DC: There’s definitely a sense, hopefully, in which the viewer should become desensitised in a way to the nudity.  It’s prolific, but it’s also a very natural state – so I’m very glad it didn’t come across as exploitative.  Oddly enough finding the actors willing and able to bare themselves in every sense was simple enough.  All three of them are absolute troopers, and I dare say some of the emotional exposure was tougher than the lack of the clothes.  We shot in a very organic sense that meant few set-ups and little time between takes etc, allowing for long and natural performances. 


DW: You’ve worked with most of the actors and crew before.  Did that help create an atmosphere of trust onset?

DC: Absolutely. Trust is paramount, especially with content like this.  A lot of us know each other very well, so it all felt very safe.  The crew was tiny as well, which really helps. 


DW: The film feels quite raw and loose, almost semi-improvised?  How much input did the actors have in the creation of their characters?

DC: You know what – a lot of that owes a lot to the quality of the actors again.  Most of the words were in the script.  I think what gives it that feeling is that fact that due to shooting through a pinhole the camera became (subject to availability of light!) almost a point and shoot camera.  The pinhole gives you an infinite depth of field so there’s no tape measures, focus pulling, tight blocking and marks for actors.  The main freedom the actors had was a looseness in blocking as the camera was free to move around them in a totally organic way.  That said, I always encourage actors to bring as much of their own ideas to characters as possible. 


DW: The film becomes much more ambiguous with the arrival of Luca.  He’s almost a demonic presence, the serpent in the Garden of Eden, tempting the couple with forbidden knowledge.  Is he real?  Is he a figment of Adi’s imagination?  Is he the Devil himself?

DC: Ha… well I can’t possibly say.  Certainly he’s a devilish character.  And I think the ambiguity needs to remain.  I could answer both ‘yes’ and ‘no’ to all those questions and it wouldn’t change a thing.   


DW: Obviously, the film was made on a very tight budget, you couldn’t even afford clothes, but how tight was it?

DC: Now that’s a question you should never ask.  Or is it a question I should never answer?!  One of the two.  It was a very tight budget, but we had all we needed.  The whole premise of the film was to be stripped back to basics.  No clothes, no lenses, just as organic a process as possible. 

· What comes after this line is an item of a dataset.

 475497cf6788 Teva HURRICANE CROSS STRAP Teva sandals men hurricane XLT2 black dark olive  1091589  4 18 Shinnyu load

DW: Visually the film is striking.  It has a dreamy eroticism that reminded me of something like Valerie And Her Week Of  Wonders, a hallucinatory nature.  How did you achieve this?

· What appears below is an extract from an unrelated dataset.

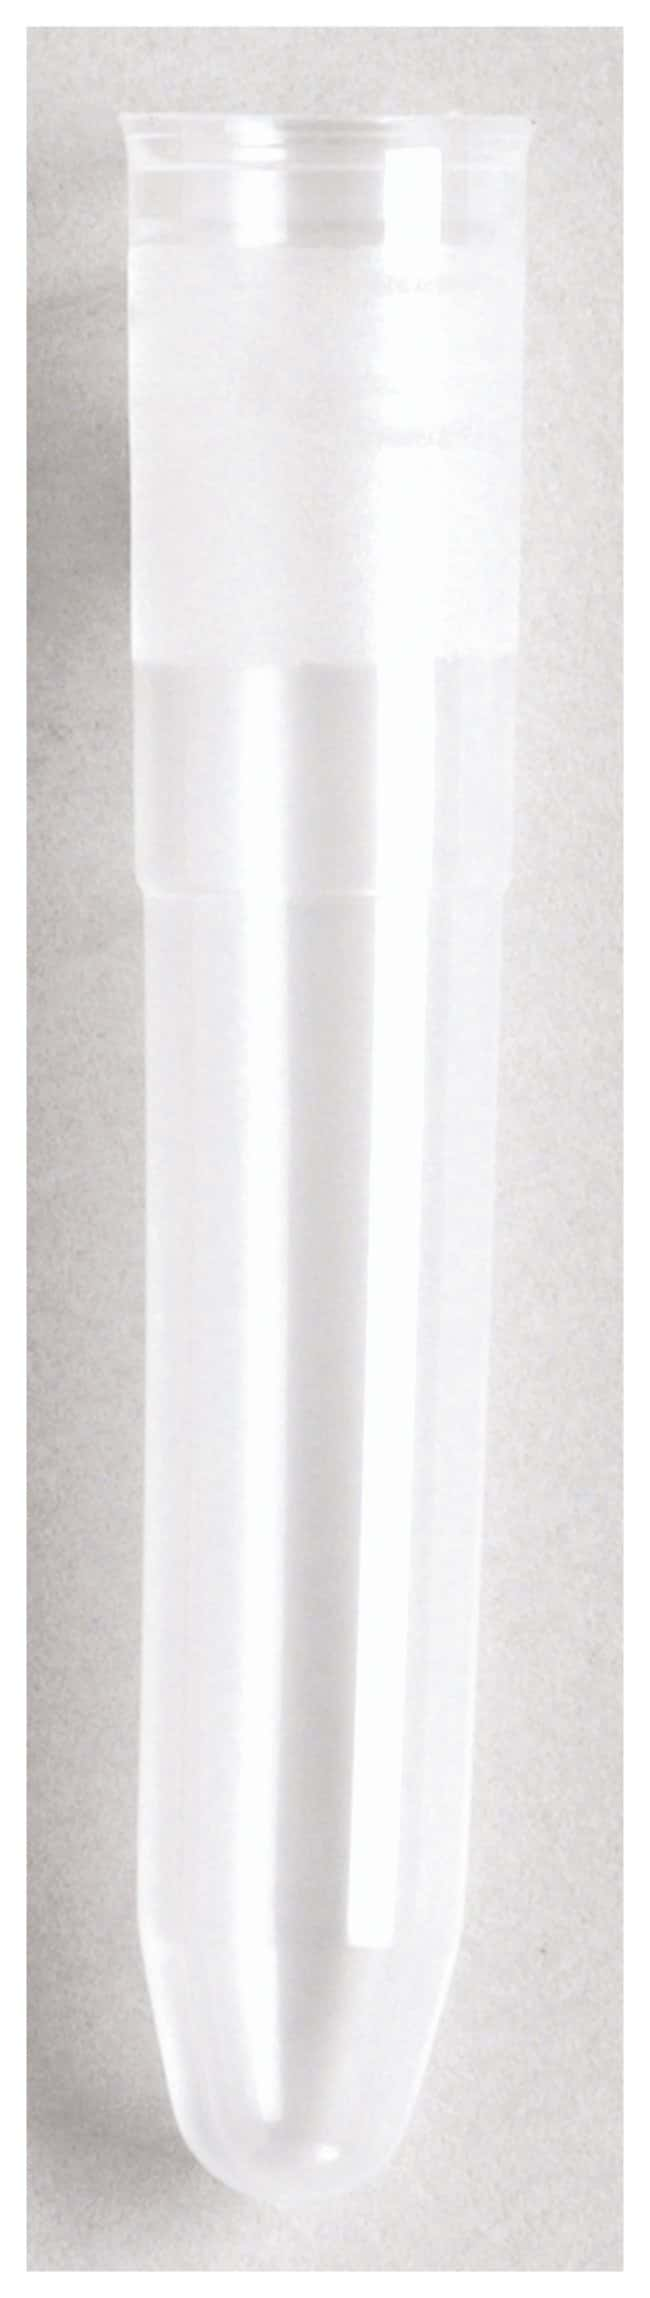 Fisherbrand Polypropylene Microtiter Tubes, Plain tubes; Nonsterile; Bagged:Test

DC: That’ll largely be the pinhole I mentioned earlier.  Basically in place of a lens, the camera wore a cap with a tiny hole in the centre.  This means that very little gets through to the sensor, so you need a LOT of light.  You also lose any depth of field so everything is of equal focus.  As well as that it gives you that fuzzy almost super 8 look and tends to oversaturate colours a lot more.  There was a fair bit of work done in post to accent these characteristics, and degrade the footage further, to get something looking quite retro and raw. 


DW: What’s next for you?

DC: Comedy! Something very different again.  We’re hoping to get into shooting a raunchy comedy drama called ‘Skinny Buddha’ very soon.  There’s already a great cast assembled and I’m looking forward to being back on set again, this time using lenses and clothes and lights etc!